Dataset section

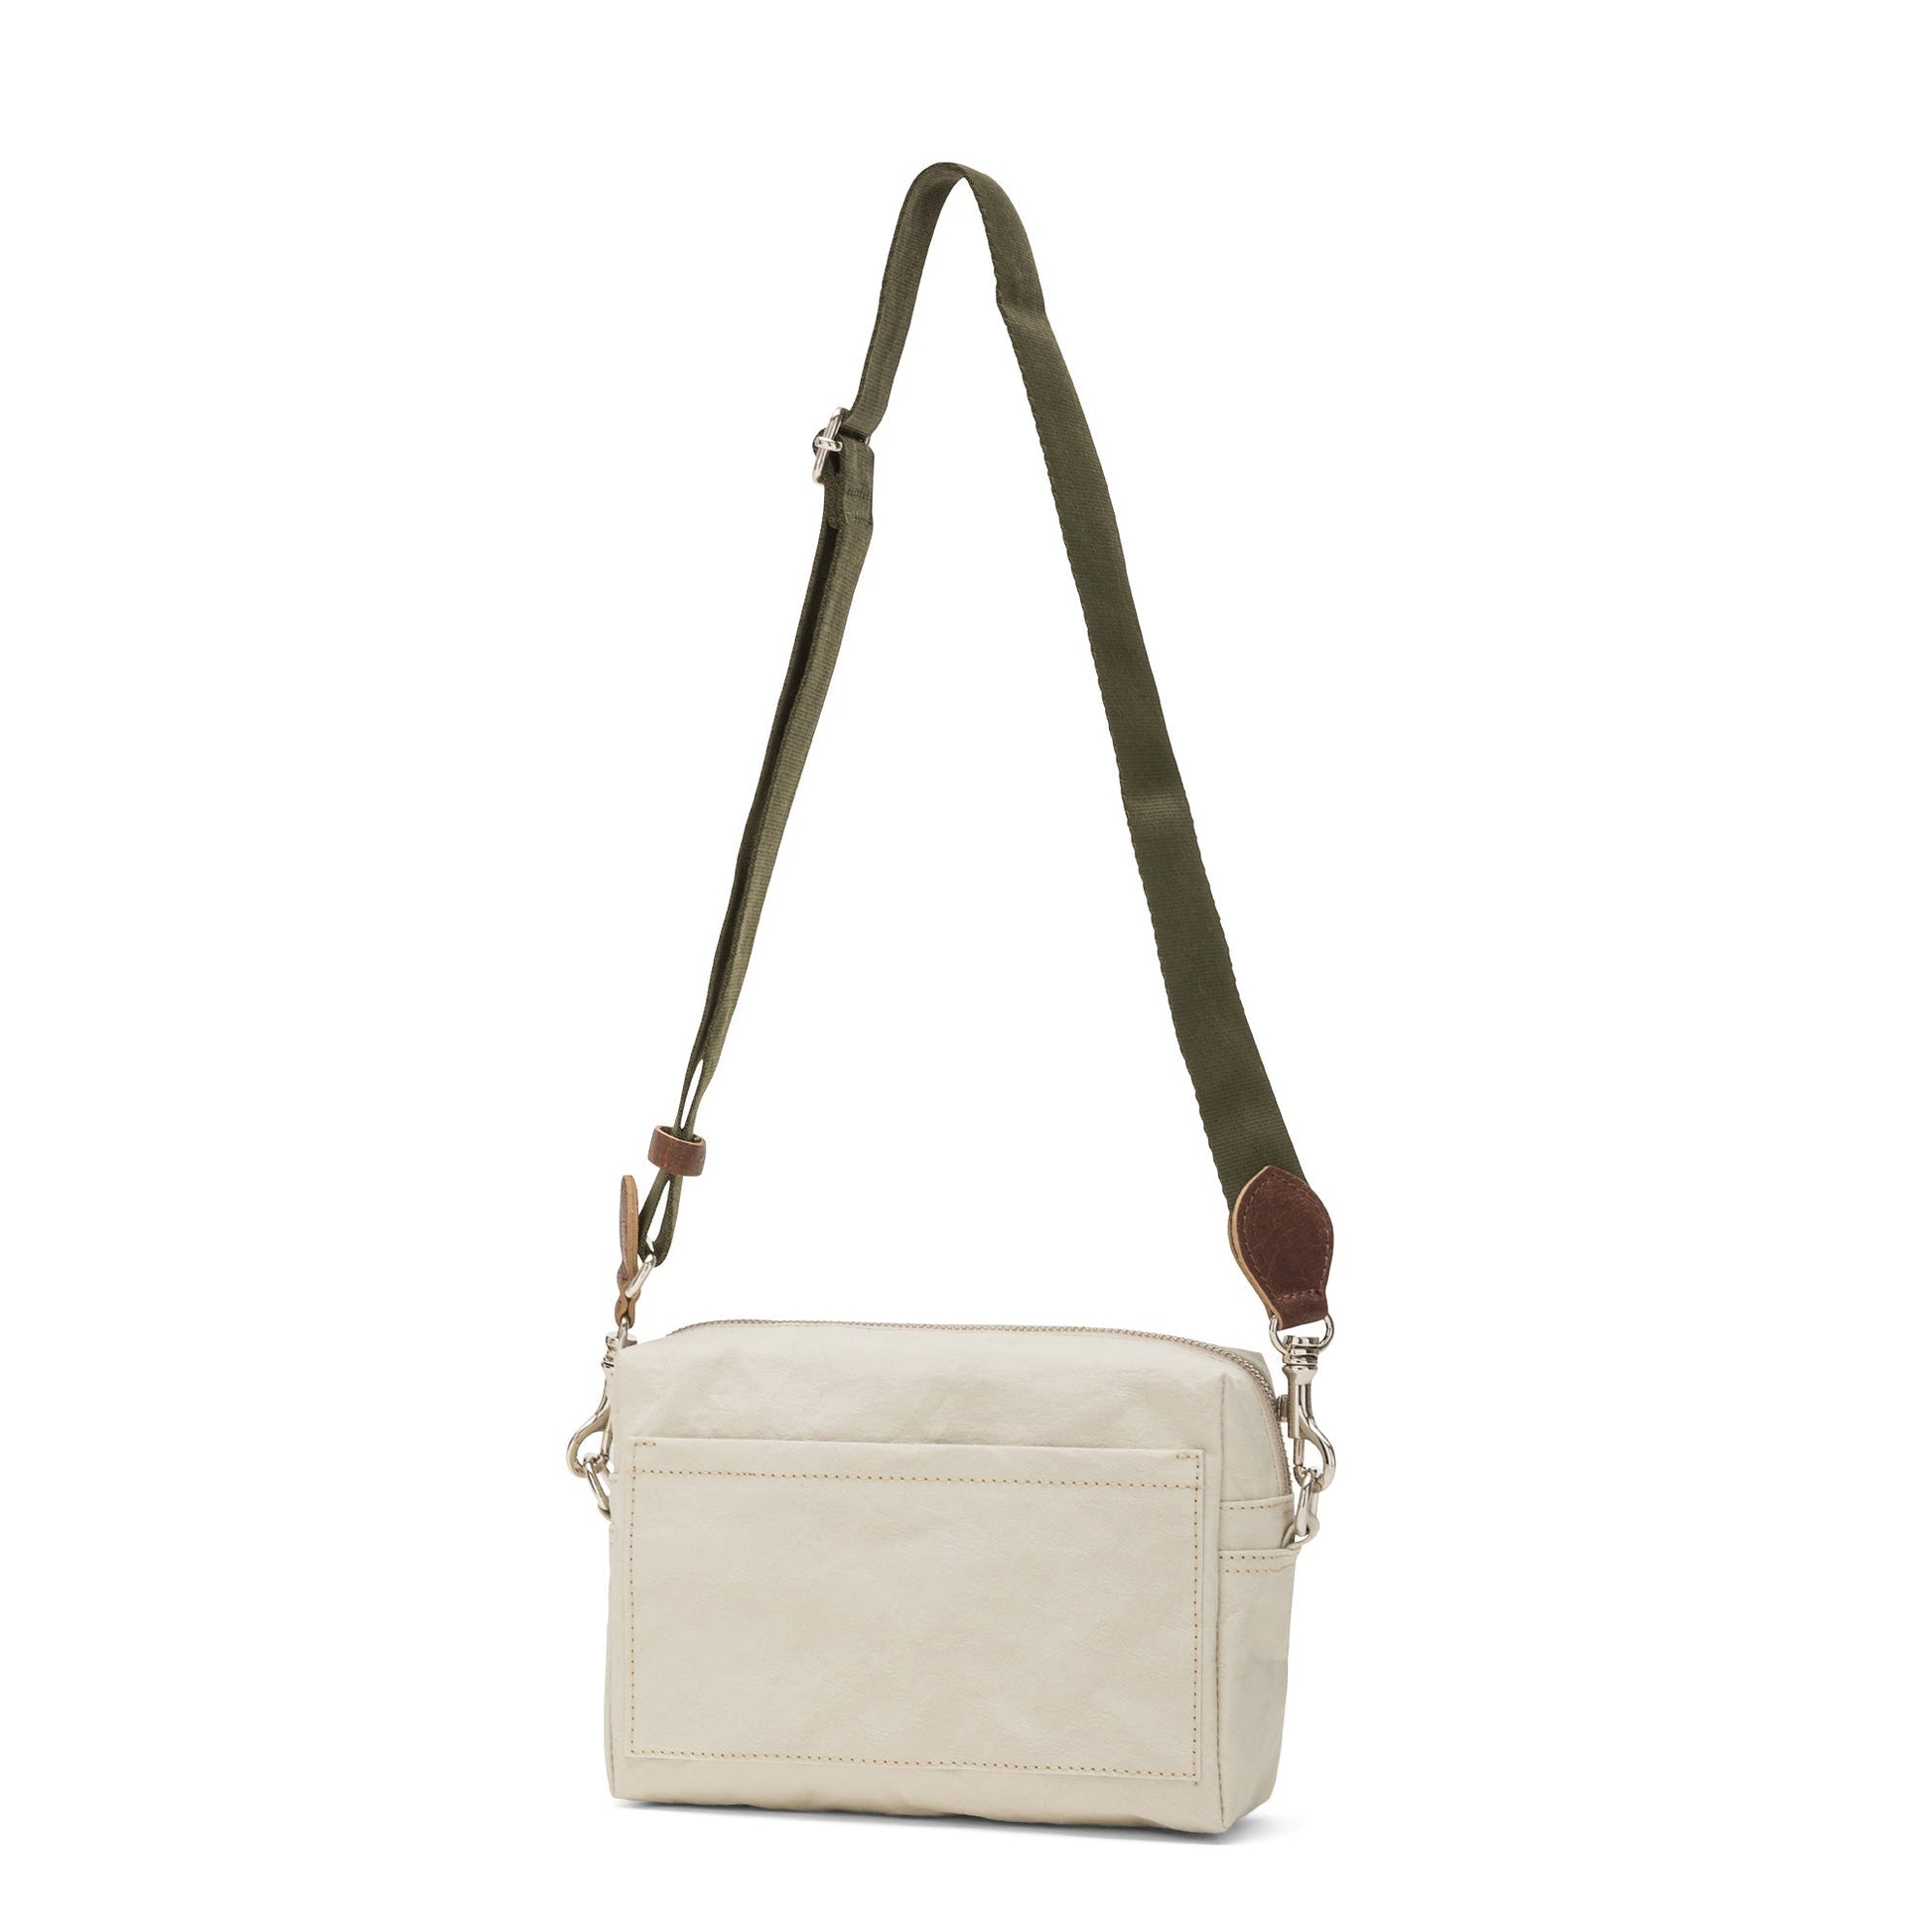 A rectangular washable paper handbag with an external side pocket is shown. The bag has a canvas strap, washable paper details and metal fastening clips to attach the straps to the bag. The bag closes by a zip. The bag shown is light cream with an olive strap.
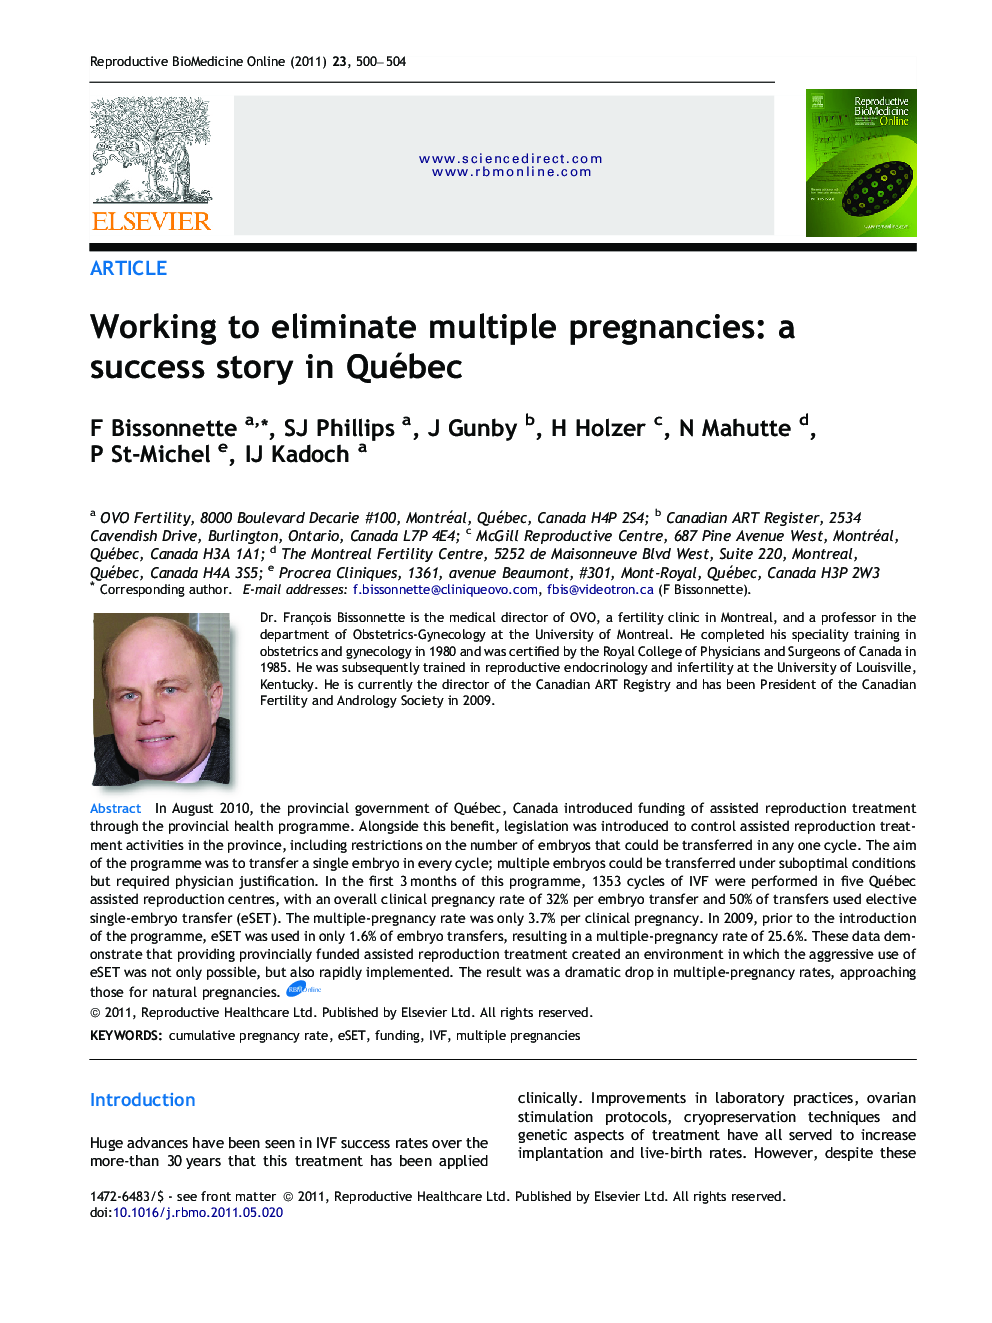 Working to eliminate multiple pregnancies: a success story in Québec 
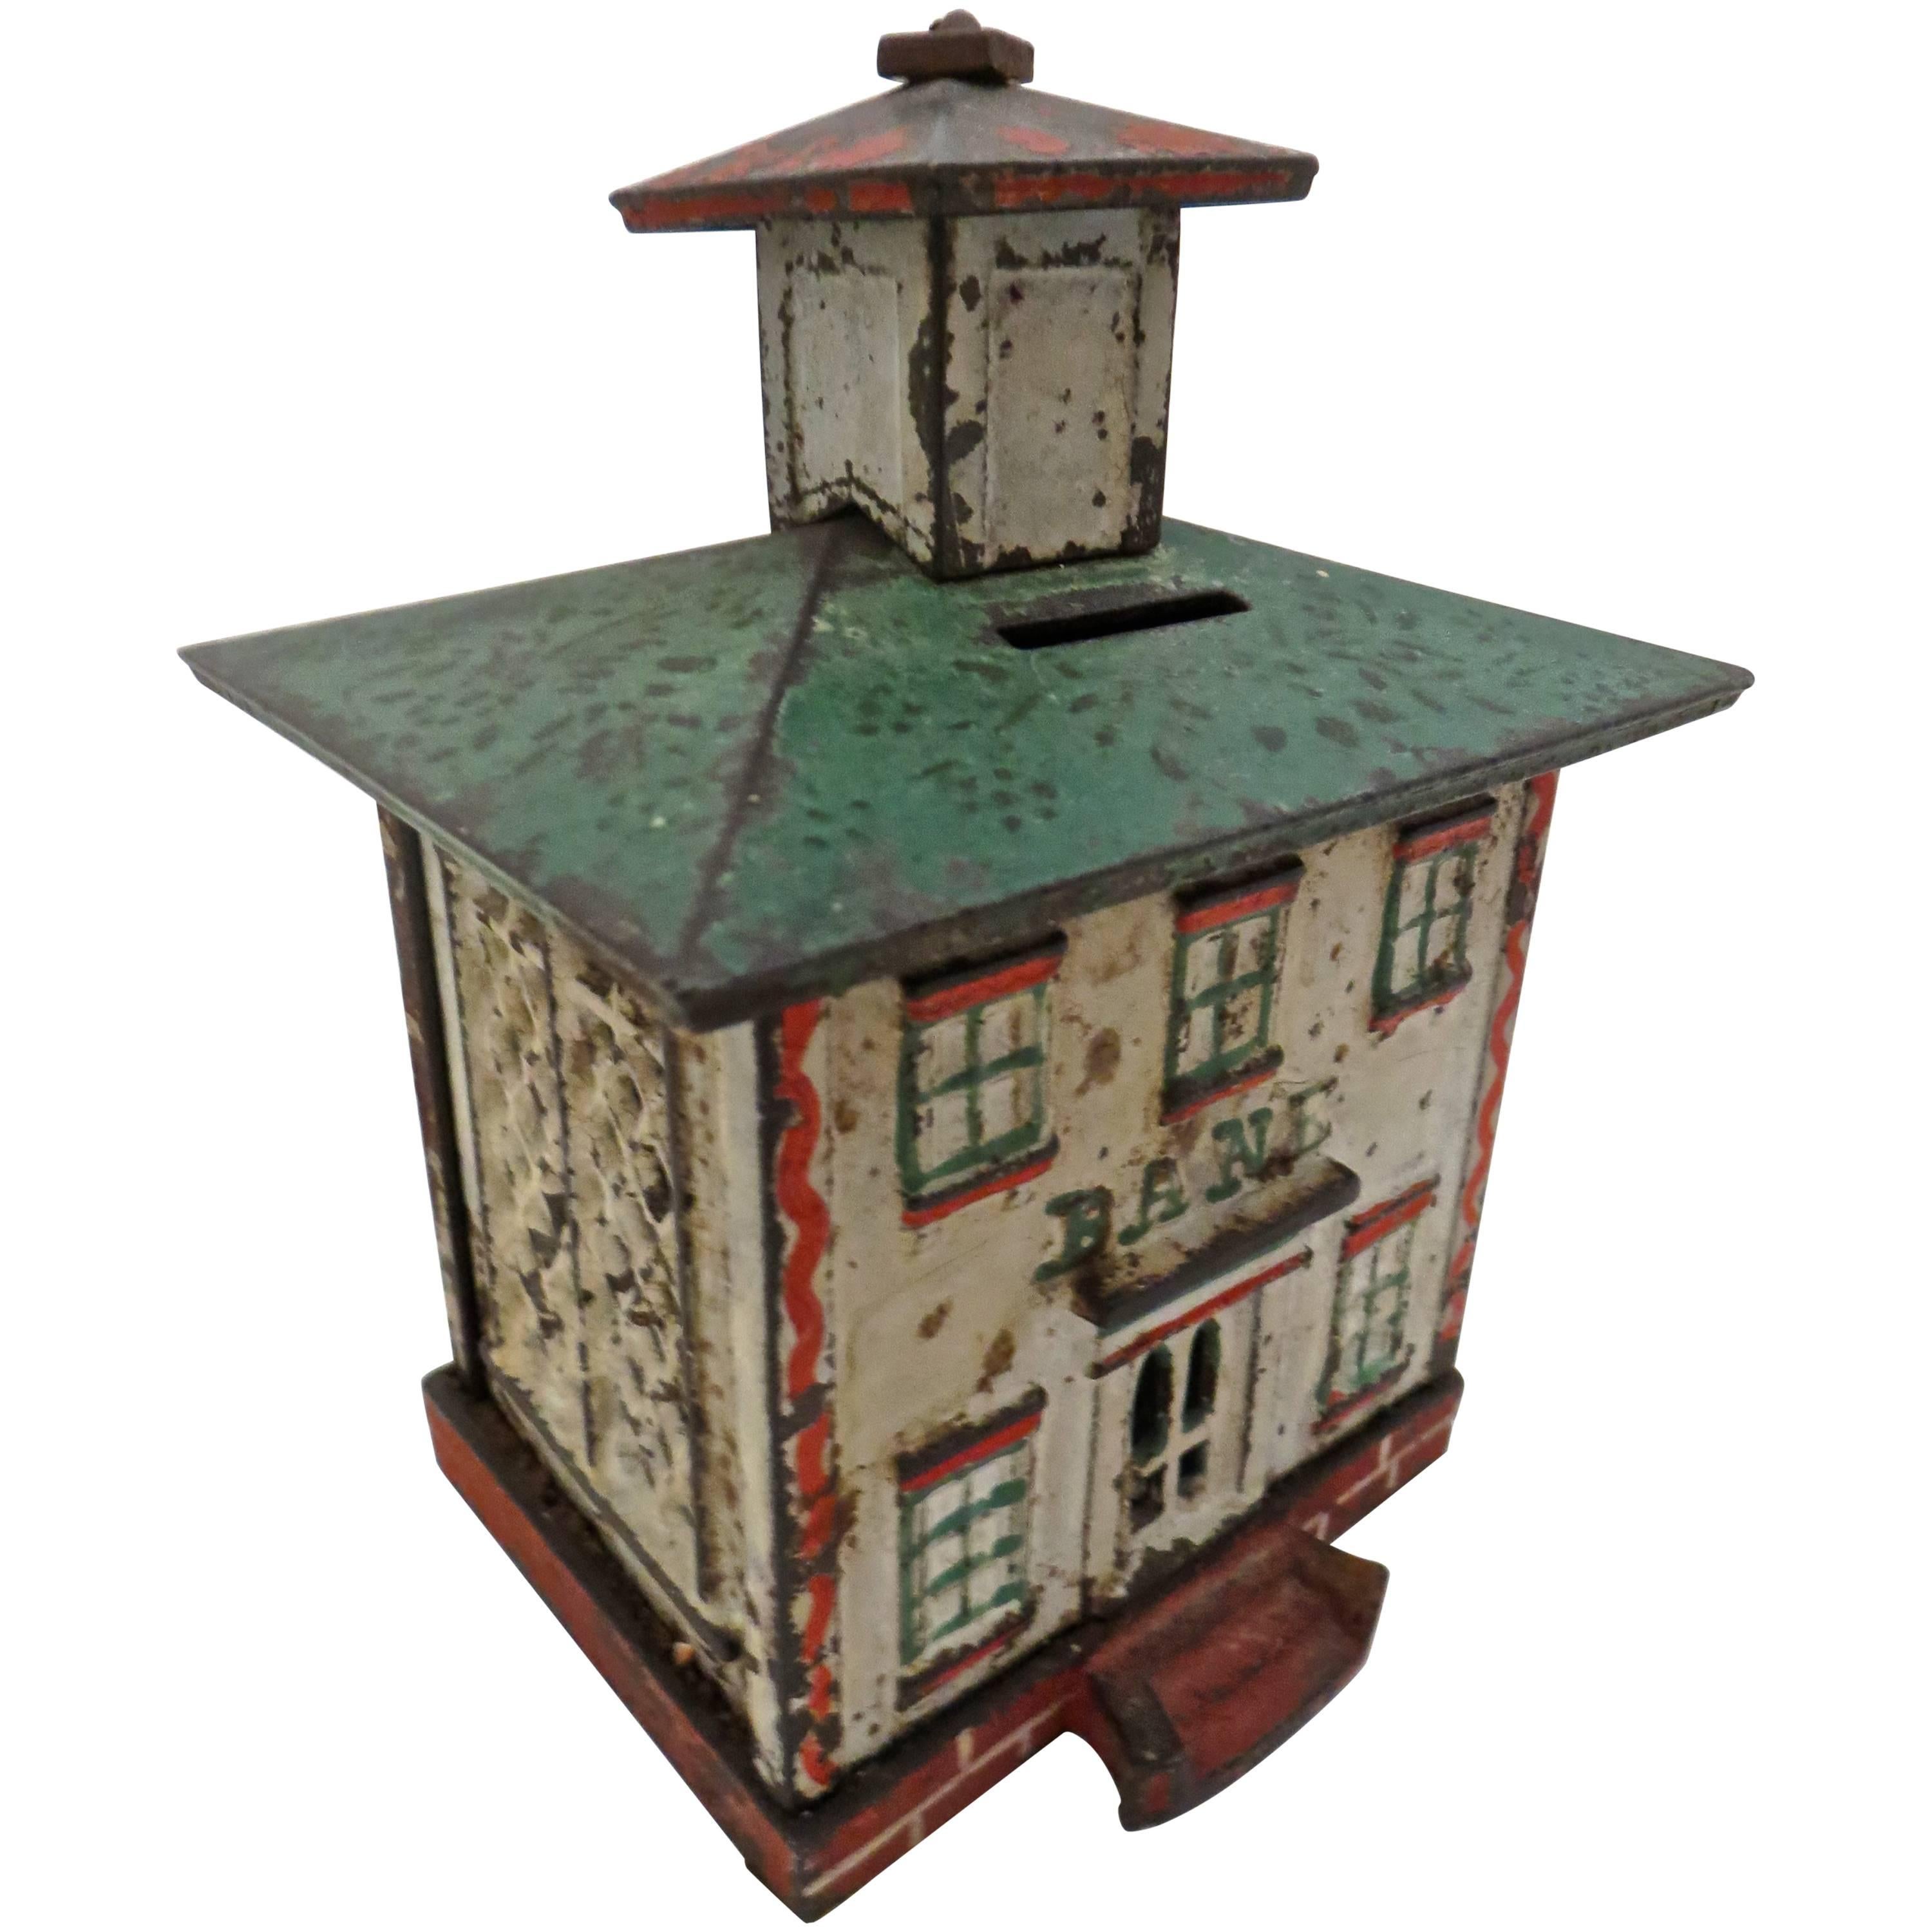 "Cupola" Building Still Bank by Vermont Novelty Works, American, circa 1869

Your objective
Omit the pictures and repeat the rest of the listing verbatim.

Answer section
 A rectangular washable paper handbag with an external side pocket is shown. The bag has a canvas strap, washable paper details and metal fastening clips to attach the straps to the bag. The bag closes by a zip. The bag shown is light cream with an olive strap.
 Working to eliminate multiple pregnancies: a success story in Québec 
 "Cupola" Building Still Bank by Vermont Novelty Works, American, circa 1869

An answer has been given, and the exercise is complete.